Où intervient le WACC dans le calcul de la valeur d’entreprise ?
Le WACC intervient à deux niveaux dans une valorisation DCF :
- L’actualisation des flux de trésorerie prévisionnels
- L’actualisation de la valeur terminale
Ce deuxième point mérite une attention particulière. Dans de nombreuses valorisations, la valeur terminale représente une part très importante de la valeur totale obtenue.
Un WACC mal estimé peut donc modifier à la fois la valeur actuelle des flux des premières années et celle de la valeur terminale.
A voir également: Powens : guide complet, prix, fonctionnalités et avis
Pourquoi une variation du WACC peut-elle changer fortement une valorisation ?
L’effet du taux d’actualisation sur les flux de trésorerie à long terme
L’impact du WACC augmente avec l’horizon temporel.
Un flux de 1 million d’euros prévu dans un an est relativement peu sensible à une variation du taux d’actualisation. Le même flux prévu dans quinze ans le sera beaucoup plus.
| WACC | Valeur actuelle de 1 M€ dans 5 ans | Valeur actuelle de 1 M€ dans 10 ans |
| 6 % | 747 258 € | 558 395 € |
| 8 % | 680 583 € | 463 193 € |
| 10 % | 620 921 € | 385 543 € |
| 12 % | 567 427 € | 322 003 € |
Sur dix ans, le passage d’un WACC de 6 % à 12 % fait passer la valeur actuelle du million d’euros de 558 395 € à 322 003 €.
L’écart atteint donc plus de 236 000 €.
Cette sensibilité explique pourquoi les entreprises dont les bénéfices et les flux sont attendus très loin dans le futur peuvent présenter des valorisations très différentes selon le taux retenu.
Pourquoi les entreprises à forte croissance sont particulièrement sensibles au WACC ?
Une entreprise en forte croissance peut générer des flux de trésorerie modestes au cours des premières années, puis beaucoup plus élevés à moyen ou long terme.
Dans ce cas, une grande partie de la valeur calculée provient de flux éloignés de la date de valorisation. Le WACC exerce alors une influence importante sur le résultat final.
Prenons deux entreprises qui génèrent chacune 10 millions d’euros de flux de trésorerie actualisés sur les cinq premières années. La première réalise ensuite des flux relativement stables.

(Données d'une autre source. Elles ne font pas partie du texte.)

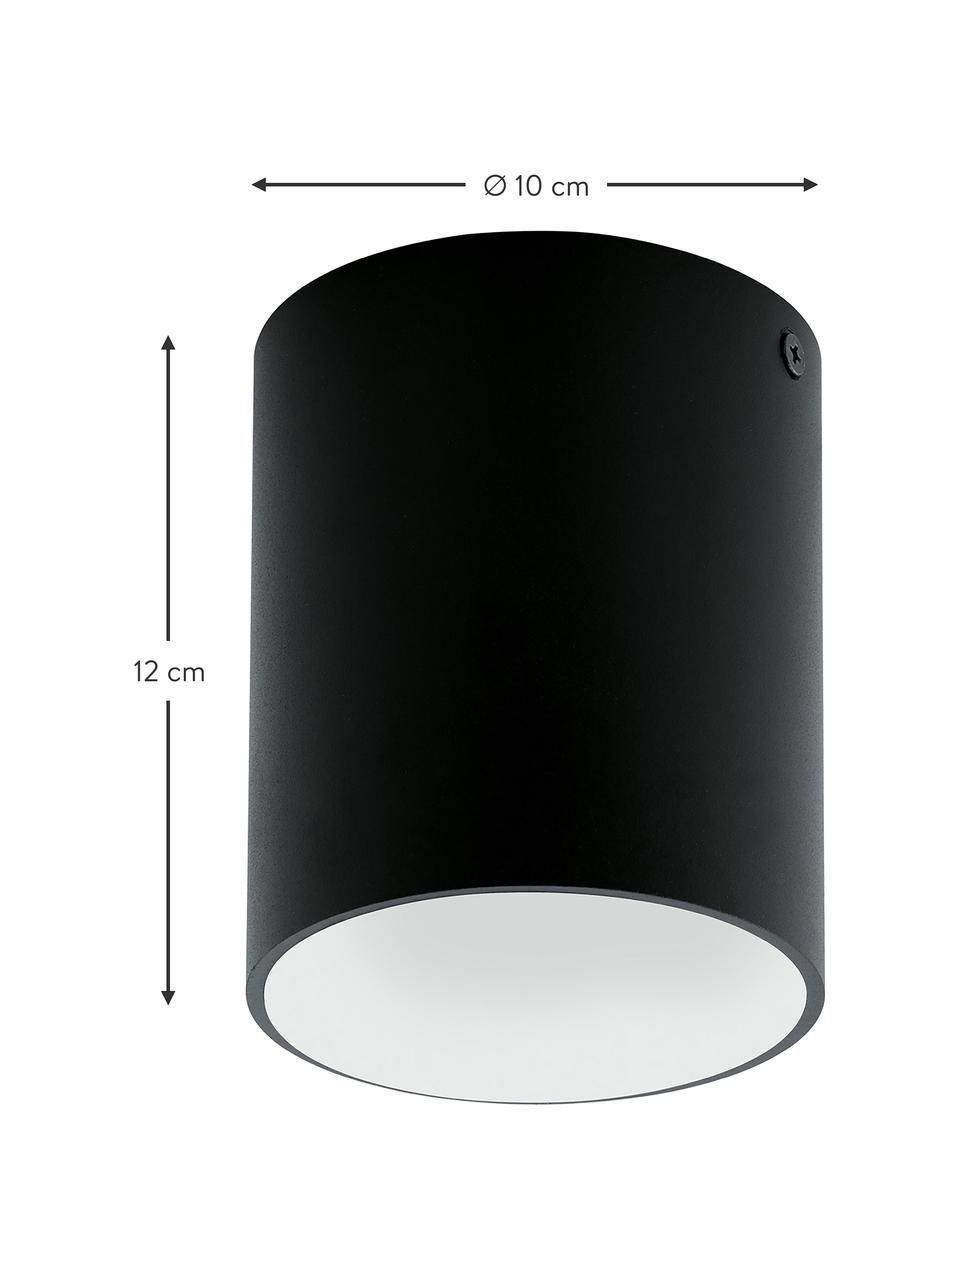 Stropná bodová LED lampa Marty, Čierna, biela, Ø 10 x V 12 cm

La seconde prévoit une forte accélération de ses flux à partir de la sixième année.
La seconde sera généralement plus sensible à une hausse du WACC, car une part importante de sa valorisation dépend de flux futurs éloignés et de la valeur terminale.
L’influence du WACC sur la valeur terminale
La valeur terminale peut être calculée avec la méthode de croissance perpétuelle :
Valeur terminale = FCF année suivante / (WACC − g)
Avec :
FCF = flux de trésorerie disponible
WACC = taux d’actualisation
g = taux de croissance perpétuelle
Imaginons un flux de trésorerie de 10 millions d’euros prévu l’année suivante, un WACC de 8 % et une croissance perpétuelle de 2 %.
Valeur terminale = 10 000 000 / (0,08 − 0,02)
Valeur terminale = 166 666 667 €
Si le WACC passe à 9 %, avec les mêmes autres hypothèses :
Valeur terminale = 10 000 000 / (0,09 − 0,02)
Valeur terminale ≈ 142 857 143 €
Une hausse d’un seul point du WACC fait donc baisser la valeur terminale théorique de près de 23,8 millions d’euros, avant même l’actualisation de cette valeur à la date d’aujourd’hui.
⚠️ Attention : cet exemple montre aussi pourquoi il faut éviter de choisir un WACC et un taux de croissance à long terme sans justification. Lorsque ces deux taux se rapprochent, la valeur terminale devient extrêmement sensible.
Quel est l’effet du WACC sur la valeur terminale d’une entreprise ?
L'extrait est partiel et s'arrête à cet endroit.